For my project, I chose to teach myself how to use Photoshop. Below you can read about my experience (I posted the following on the class website):

"Like many of my classmates (I'm sure), I don't usually do well with vague instructions when it comes to schoolwork. I like to know exactly what is expected of me so that I can do exactly what is expected of me exactly as it is listed. As you can imagine, taking 511 has helped me to get over that mindset.
When we were assigned the Maker project, I was at a loss. We were supposed to make something. What? Make what? Make something how? Where is our rubric? Where's the rest of the prompt? Is that really it? Fortunately, when discussing the vagueness of the assignment in class, I had a spark. We were supposed to make something, or create something to share, or cultivate some skill. I had been wanting to learn how to use Photoshop for a while, and had been planning on using the iSchool's computers to do so, but hadn't had the time. Learning Photoshop for the purposes of a project, however, was doable. I started devoting an hour or two to Photoshop after classes on Tuesdays and Thursdays when I knew I didn't have anything else to do. It was in these "precious" few hours that I worked on what was simultaneously the most frustrating and most enjoyable school project I've had in a while.
Photoshop is not intuitive. It's not user friendly. My human interaction with the computer was not the most enjoyable experience. And yet it was still something I looked forward to every week. With "The Mowgli's" playing on my iPod and several tabs open to tutorials on Google Chrome, I got work done. I ended up with about 8 projects that I completed start to finish. They ranged from whatever struck my fancy to the things that popped up when I Googled"Cool things to do in Photoshop." The most challenging and time consuming projects were, of course, the most ambitious: the landscape fold and the watercolor paint effect. Each of these pieces took about two and hours to complete (though they would probably only take 20 minutes for someone who really knew what they were doing). Of course, the first projects I did also took a ridiculously long time because I was learning the ins and outs by pressing random buttons to see what would happen. Some things I picked up on pretty quickly but, I swear, there were times when I think the program was messing with me for fun.
Overall I ended up enjoying this project, in spite of the hair-pulling issues that I sometimes had. Before I go, I'd like to thank all of the random Photoshop wizards who live on the Internet, solving people's problems on message boards with step-by-step tutorials and example videos and patience. Thank you."
As you can imagine (and as I've stated above), this project wasn't easy. Yet in spite of it all, I'm proud of myself, and my finished products. In case you're curious, here they are:
My very first attempt at Photoshop, this picture was the first stupid idea that popped into my head, and I ran with it. I was learning the basics of isolating figures, putting in text, manipulating objects, and using layers, among other things.

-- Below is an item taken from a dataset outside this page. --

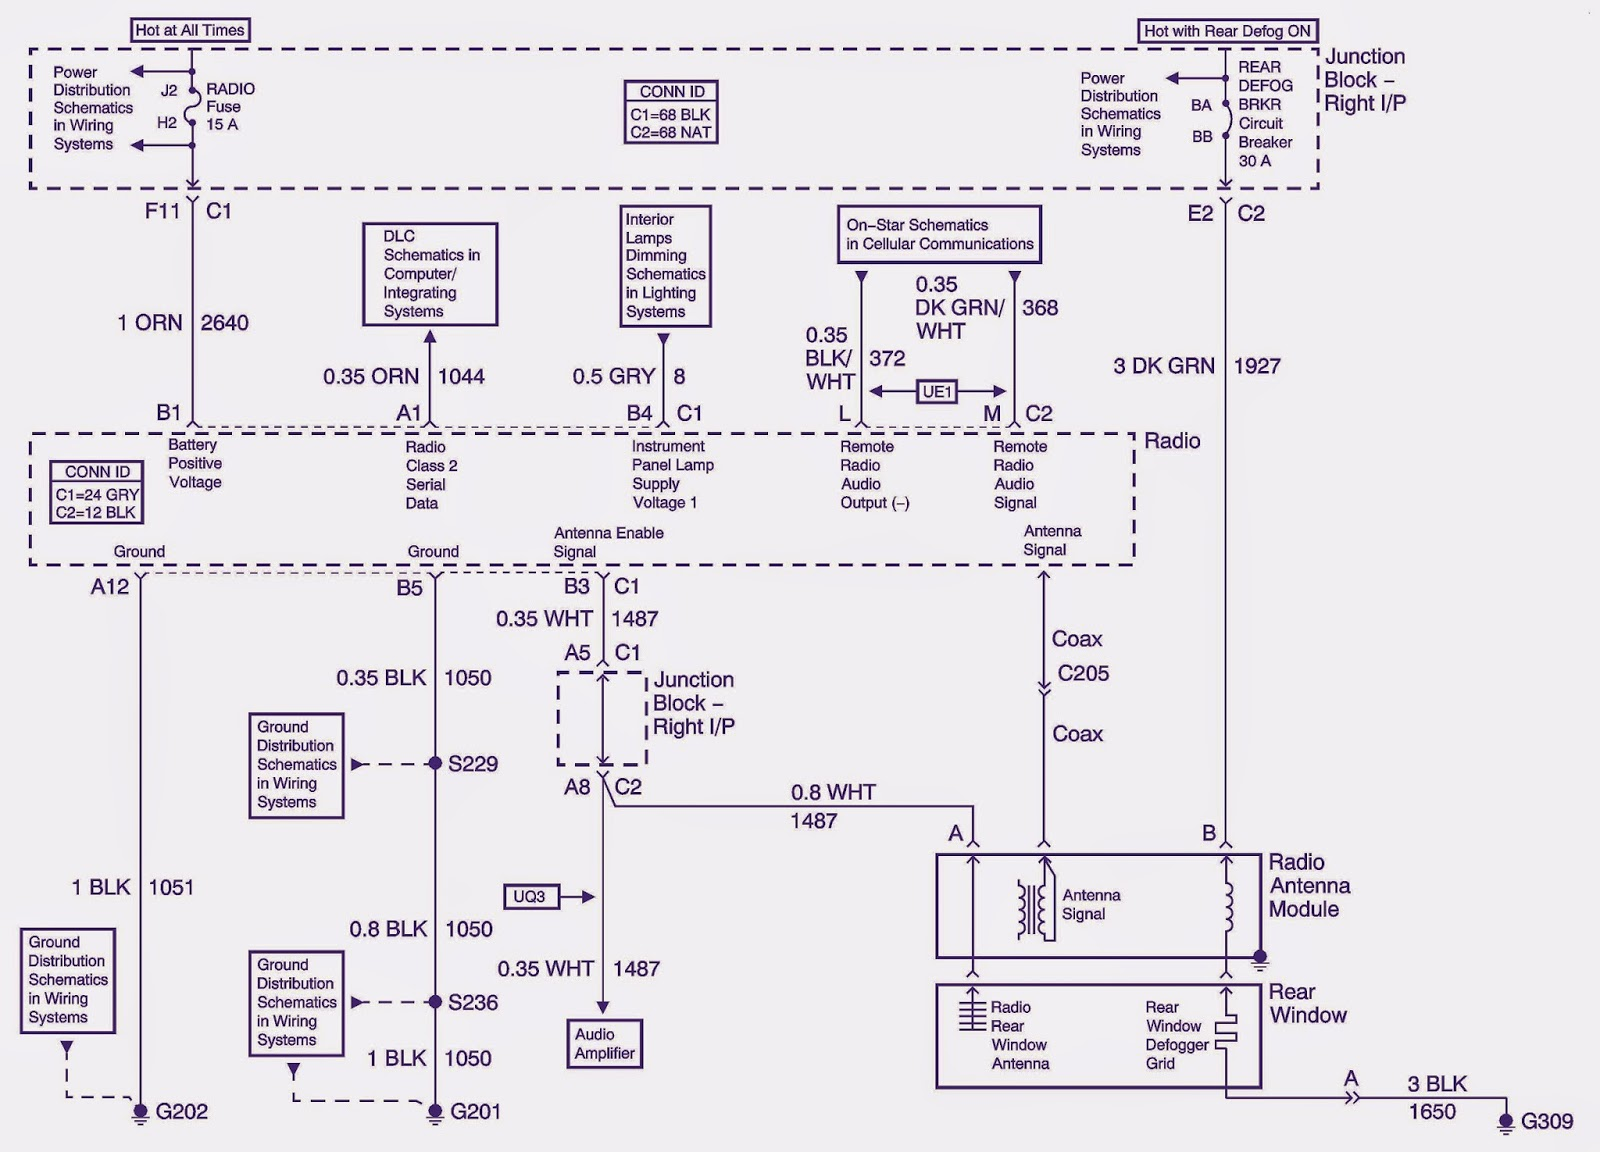 Chevrolet cobalt stereo wiring diagram 460 ford engine wiring Chevy Cavalier Wiring Diagram 2003 Chevy Cavalier Stereo Wiring Diagram Chevy S10 Wiring Diagram on 2003 chevy monte carlo stereo wiring diagram

I wanted to try my hand at making a movie poster, and since it was pretty close to Halloween, I picked CLUE. I had a much grander idea in my head that I put together, and then quickly realized that it didn't look very good. It was too busy, so I took a more minimalist approach.

I created this watercolor effect using only Photoshop, and I'm very proud of it. I took a black-and-white picture and used Photoshop to turn it into a watercolor picture. Pretty cool.

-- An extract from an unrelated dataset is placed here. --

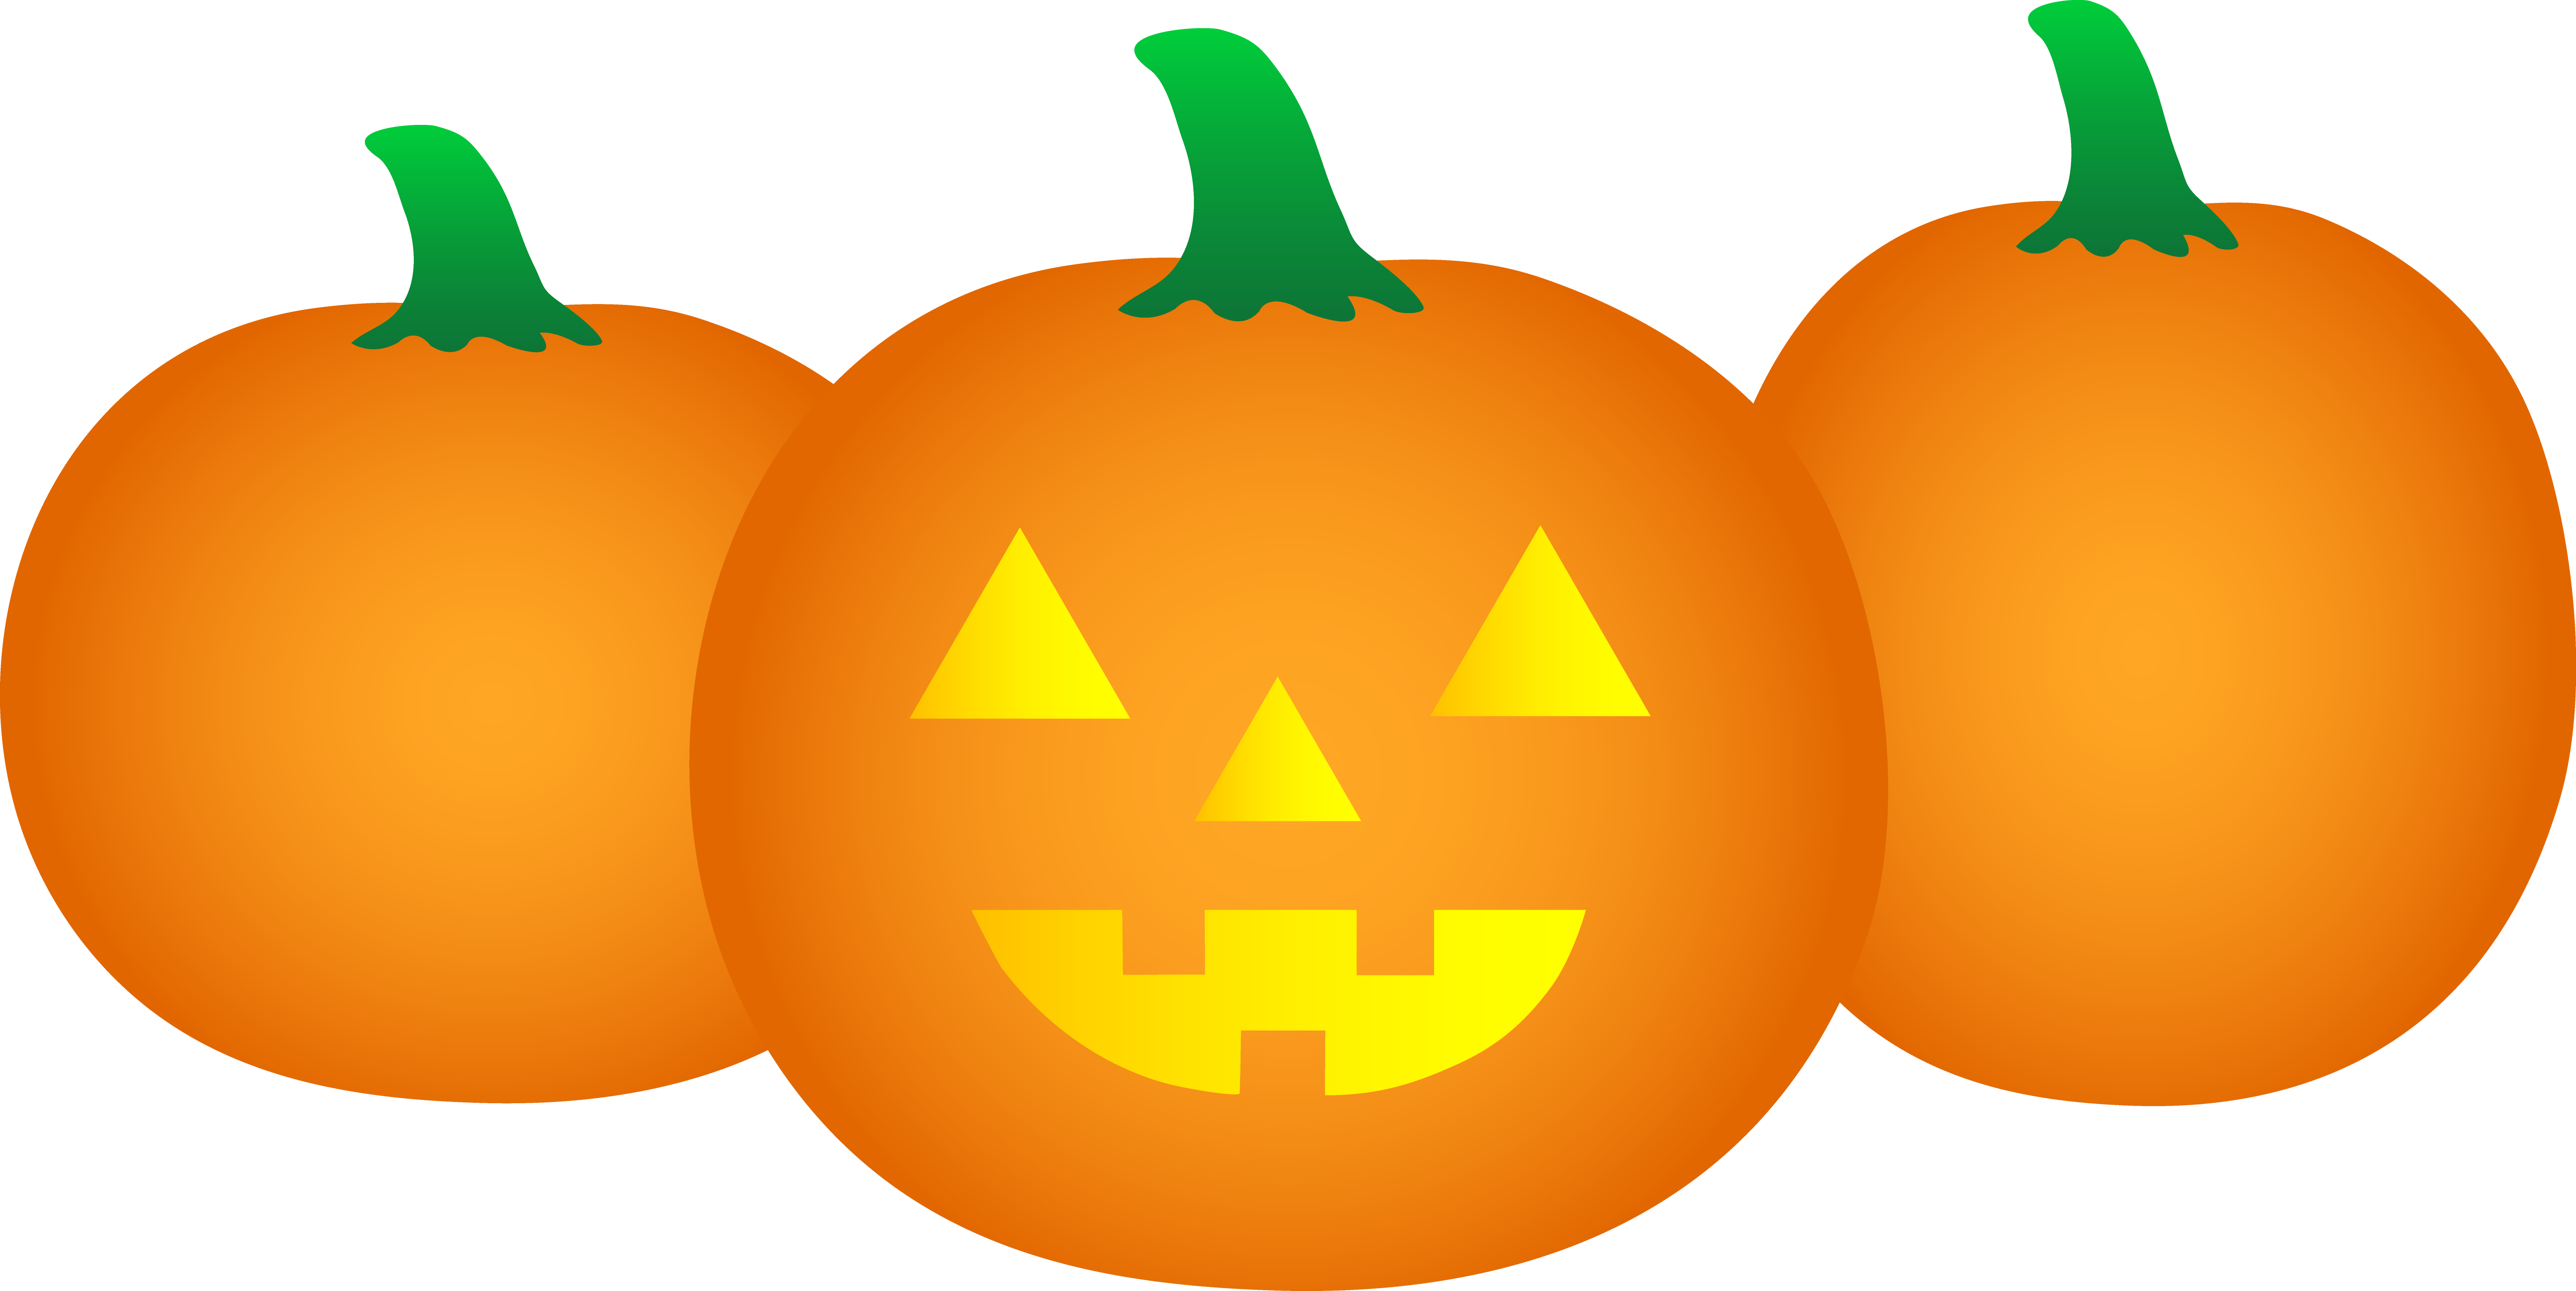 Free Halloween Pumpkin Clipart, Download Free Clip Art, Free.

This typographic was actually a lot of fun to make once I picked a topic for the text. I ended up writing about UNC because the Heels were playing Wake Forest the next day.

I call this picture "Hold Me Closer, Tiny Camper." Using a bunch of stock photos, I created a tiny camping trip, complete with a lighter and tiny tents and a little dog. I don't know why.

Color isolation was one of the things I wanted to learn as soon as I started using Photoshop. Fortunately, it turns out that it's actually remarkably easy.

Recently, this trend ("folded landscapes") came about because of a picture of a panorama photo that glitched out and created the effect you see below. Not to be outdone, a bunch of PS wizards decided to recreate the effect with the program. My version is far from perfect, but I still think it's really cool.

I wanted to practice manipulating a green screen, so I found a picture of a news anchor sitting in front of one and decided to put her in space. Then, my imagination ran away with me and it turned into QUSR Alien News at 9:00.

The last project I ended up working on was a photo manipulating black and white and color. Not too shabby.
End log.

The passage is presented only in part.